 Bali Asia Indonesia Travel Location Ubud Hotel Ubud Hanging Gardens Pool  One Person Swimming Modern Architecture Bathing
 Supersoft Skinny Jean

..............................

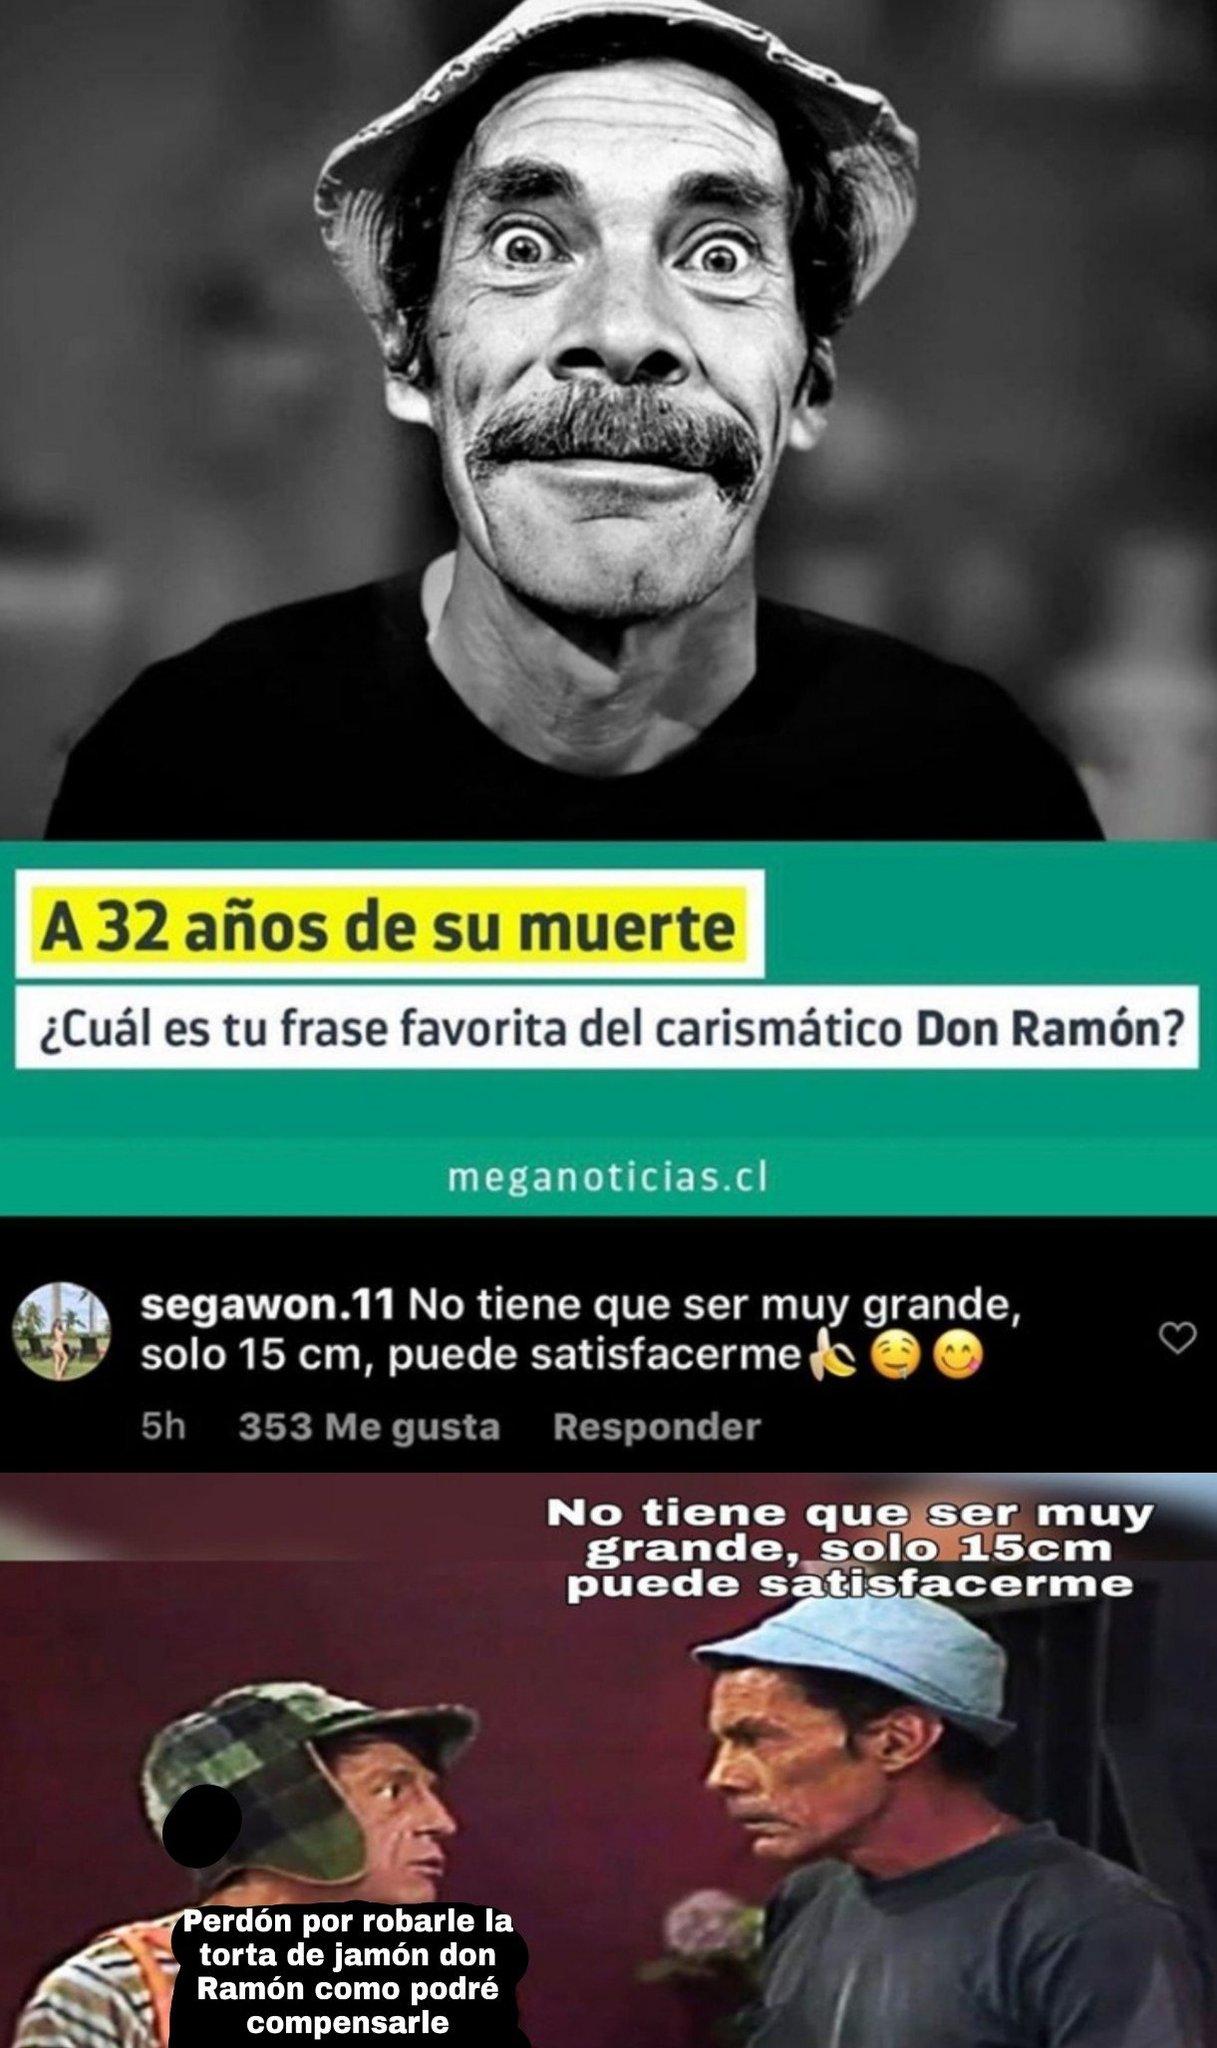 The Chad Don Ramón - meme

..............................

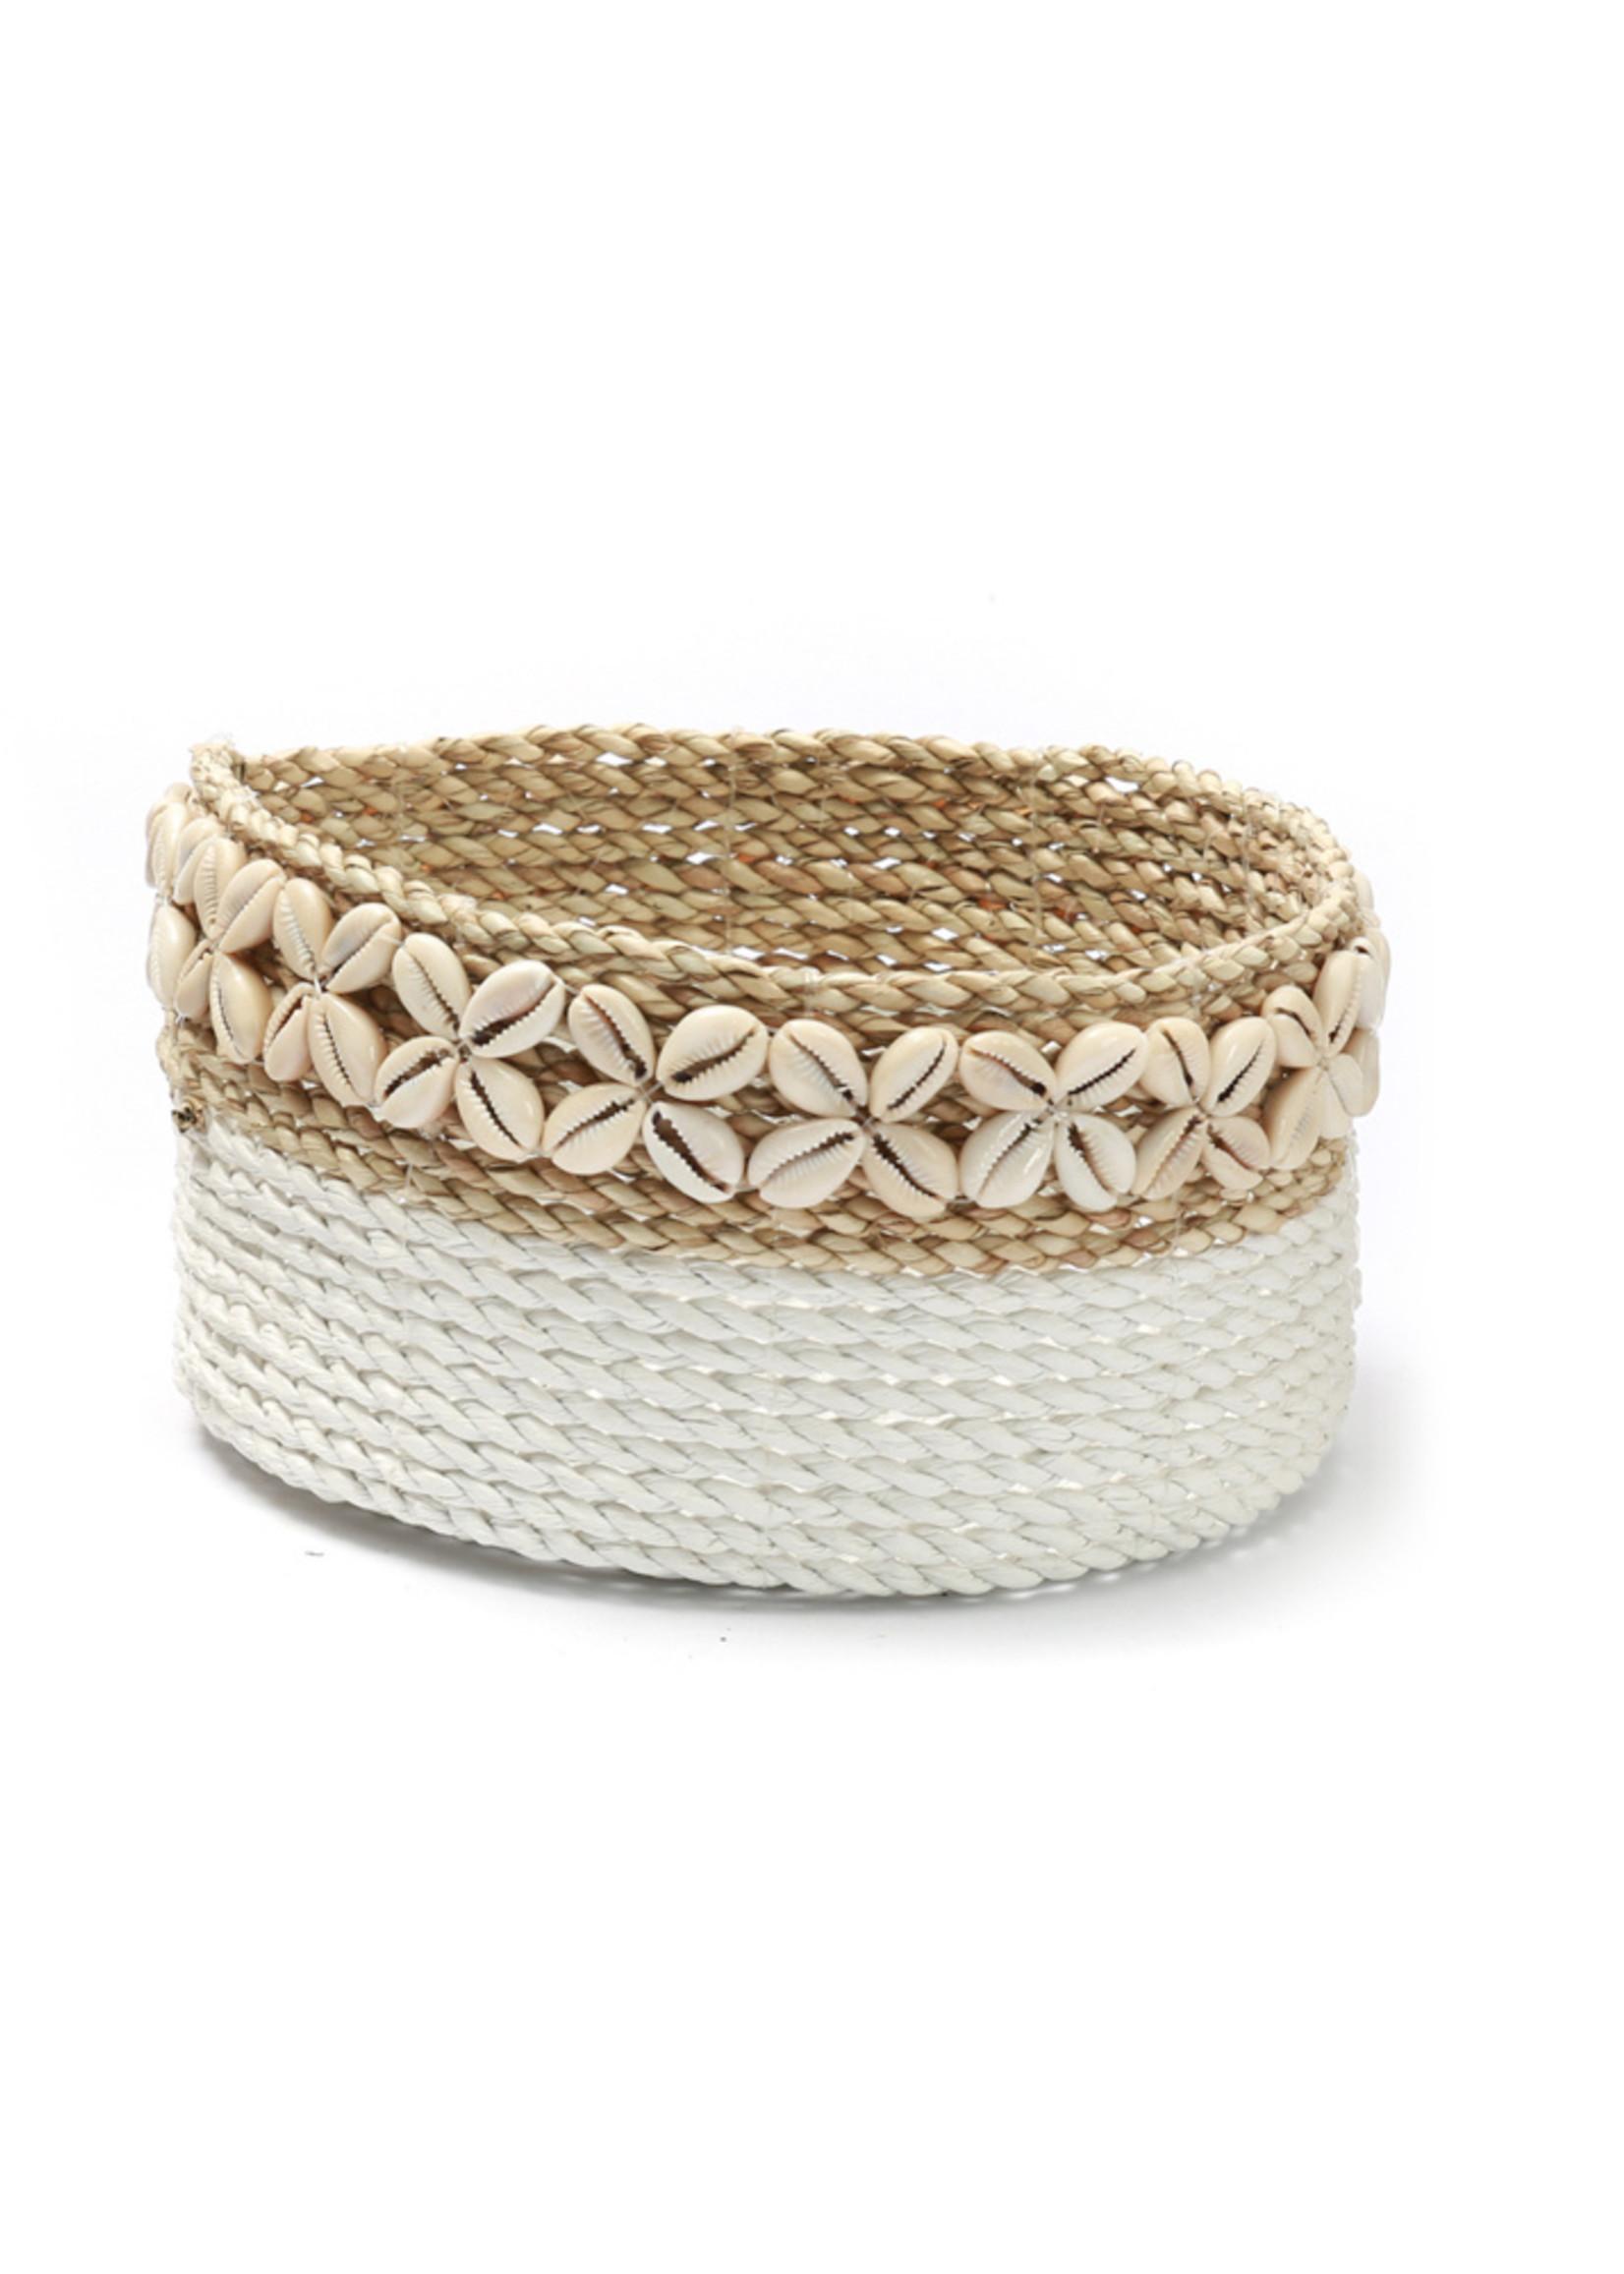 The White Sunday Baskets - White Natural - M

..............................

● Work order: Quote the listing above, but only from the line that shows "Bali Asia Indonesia" through the line that shows "Supersoft Skinny Jean".

● Solution for this task:
 Bali Asia Indonesia Travel Location Ubud Hotel Ubud Hanging Gardens Pool  One Person Swimming Modern Architecture Bathing
 Supersoft Skinny Jean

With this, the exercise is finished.